**Dataset extract:**
——

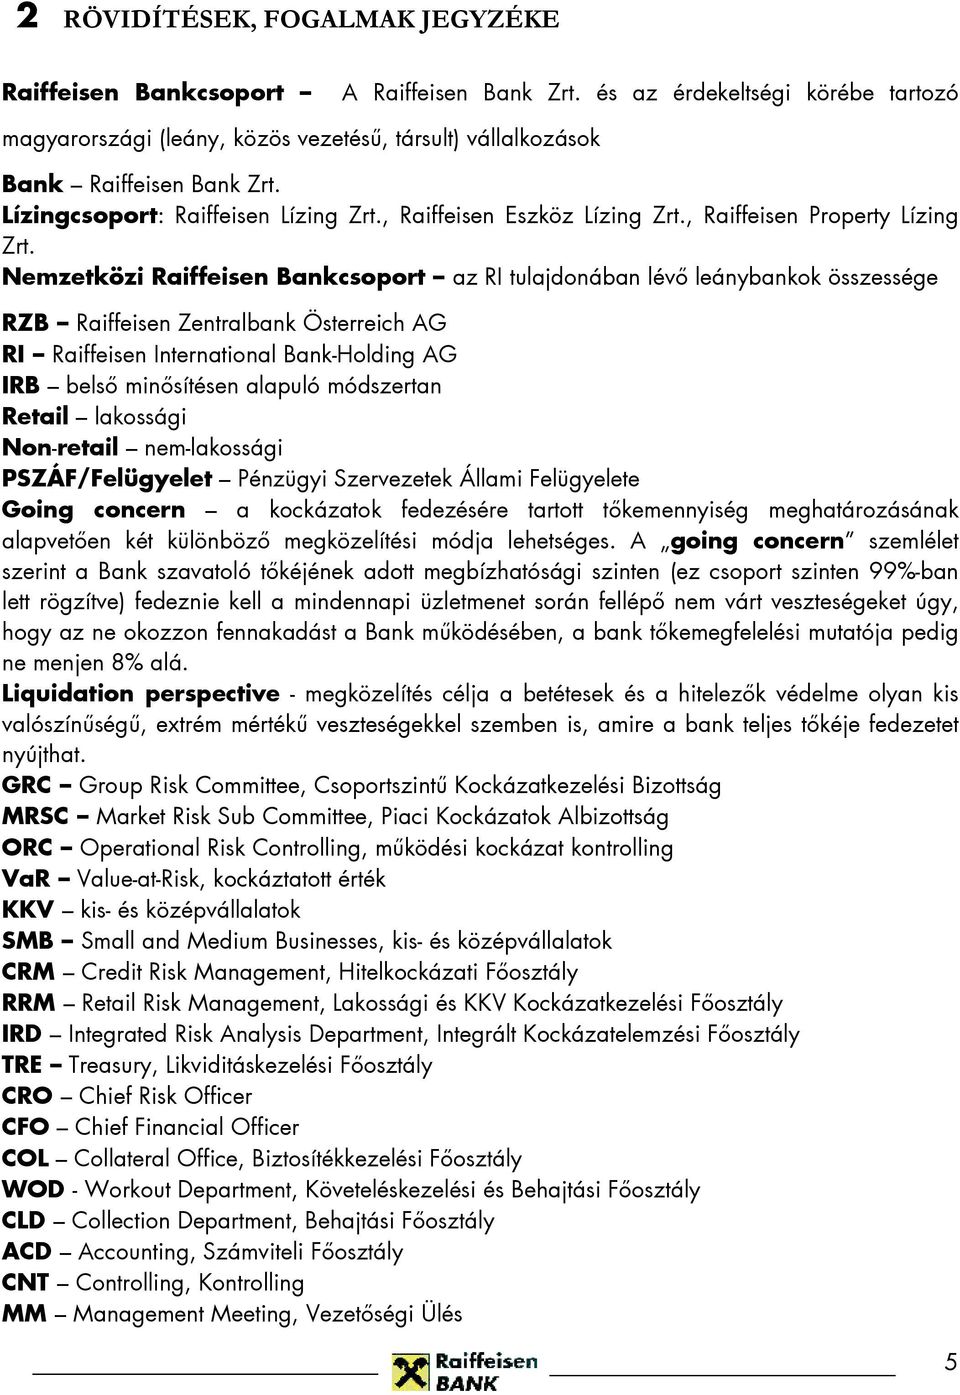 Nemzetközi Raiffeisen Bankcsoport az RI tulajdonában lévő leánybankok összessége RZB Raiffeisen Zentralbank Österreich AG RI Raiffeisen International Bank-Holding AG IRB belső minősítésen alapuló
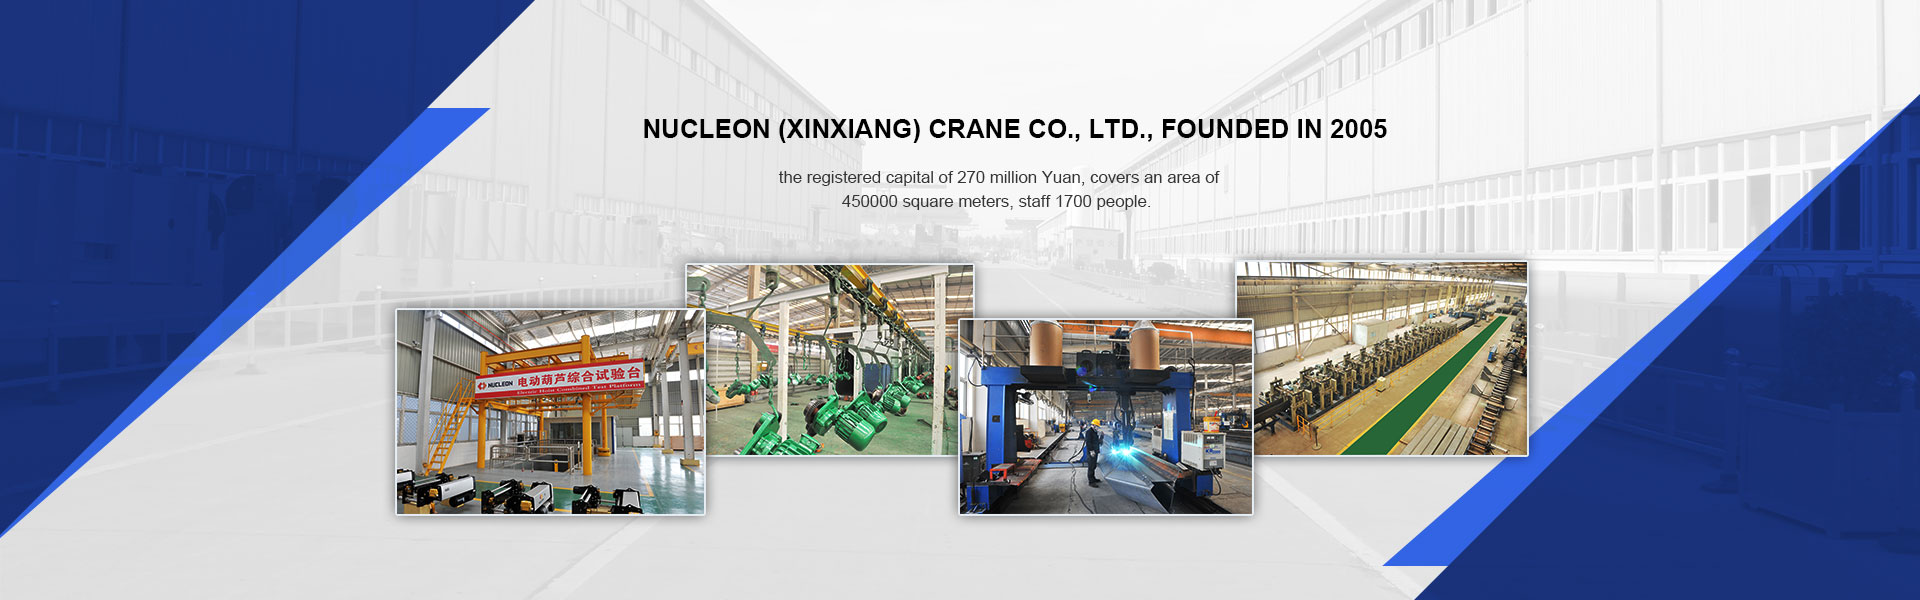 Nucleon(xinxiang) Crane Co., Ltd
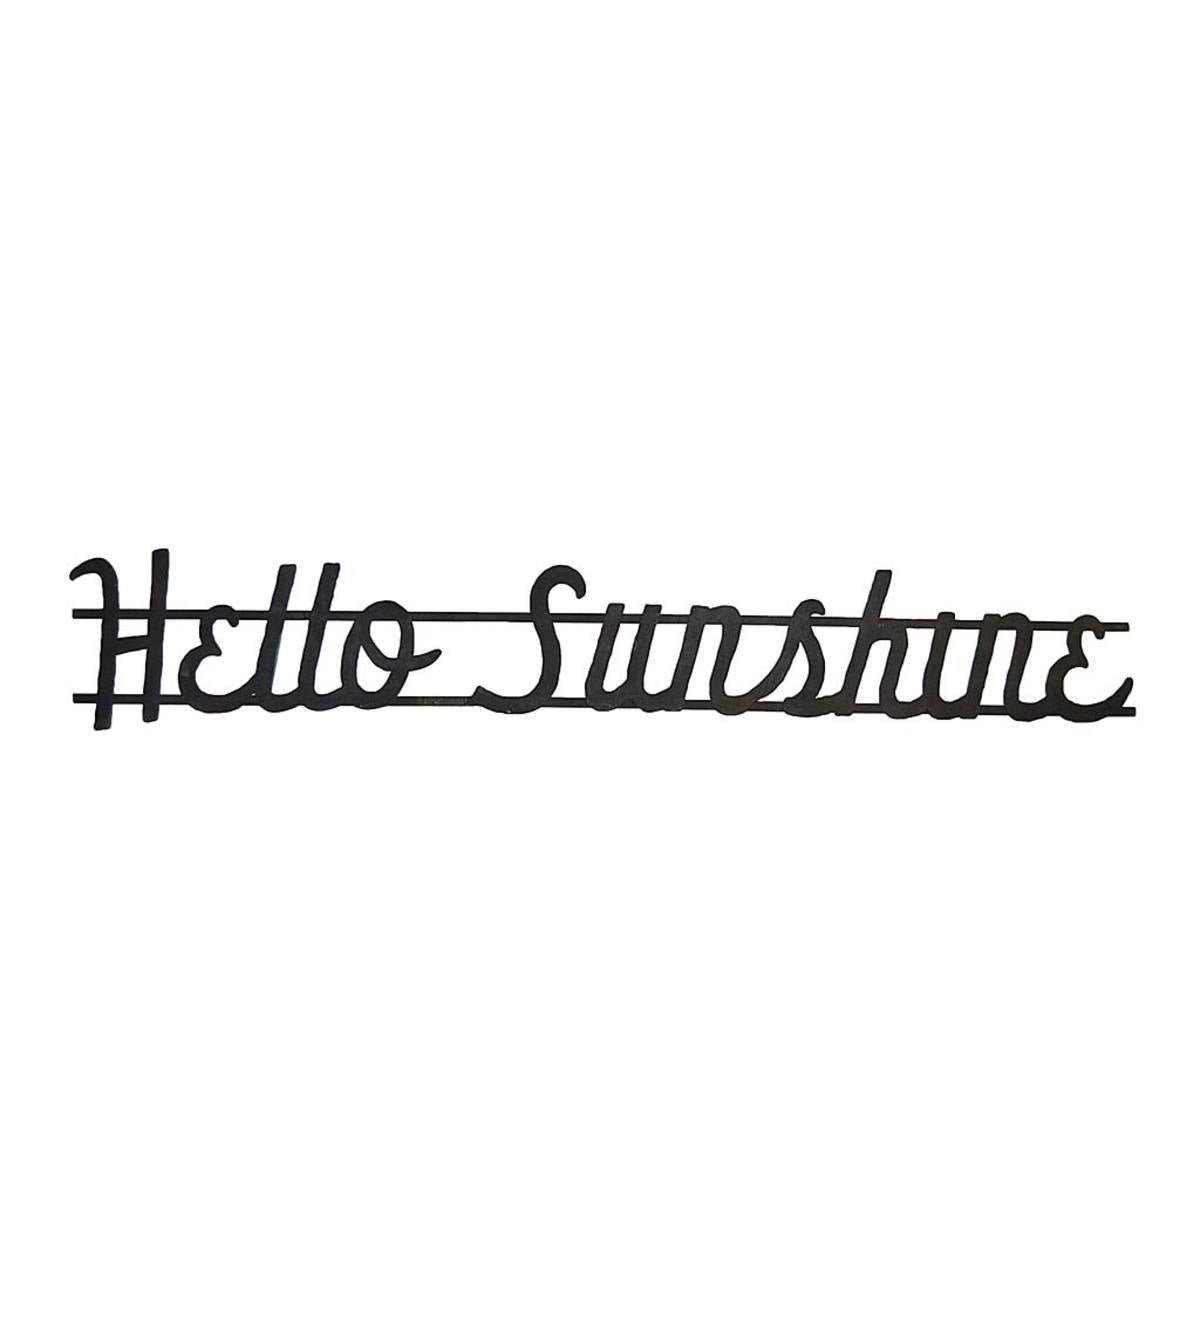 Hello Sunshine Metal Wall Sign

——

**Task description:**
Return, exactly as they stand, all of the lines above, but not the pictures.

**Result of the task:**
 Nemzetközi Raiffeisen Bankcsoport az RI tulajdonában lévő leánybankok összessége RZB Raiffeisen Zentralbank Österreich AG RI Raiffeisen International Bank-Holding AG IRB belső minősítésen alapuló
 Nucleon(xinxiang) Crane Co., Ltd
 Hello Sunshine Metal Wall Sign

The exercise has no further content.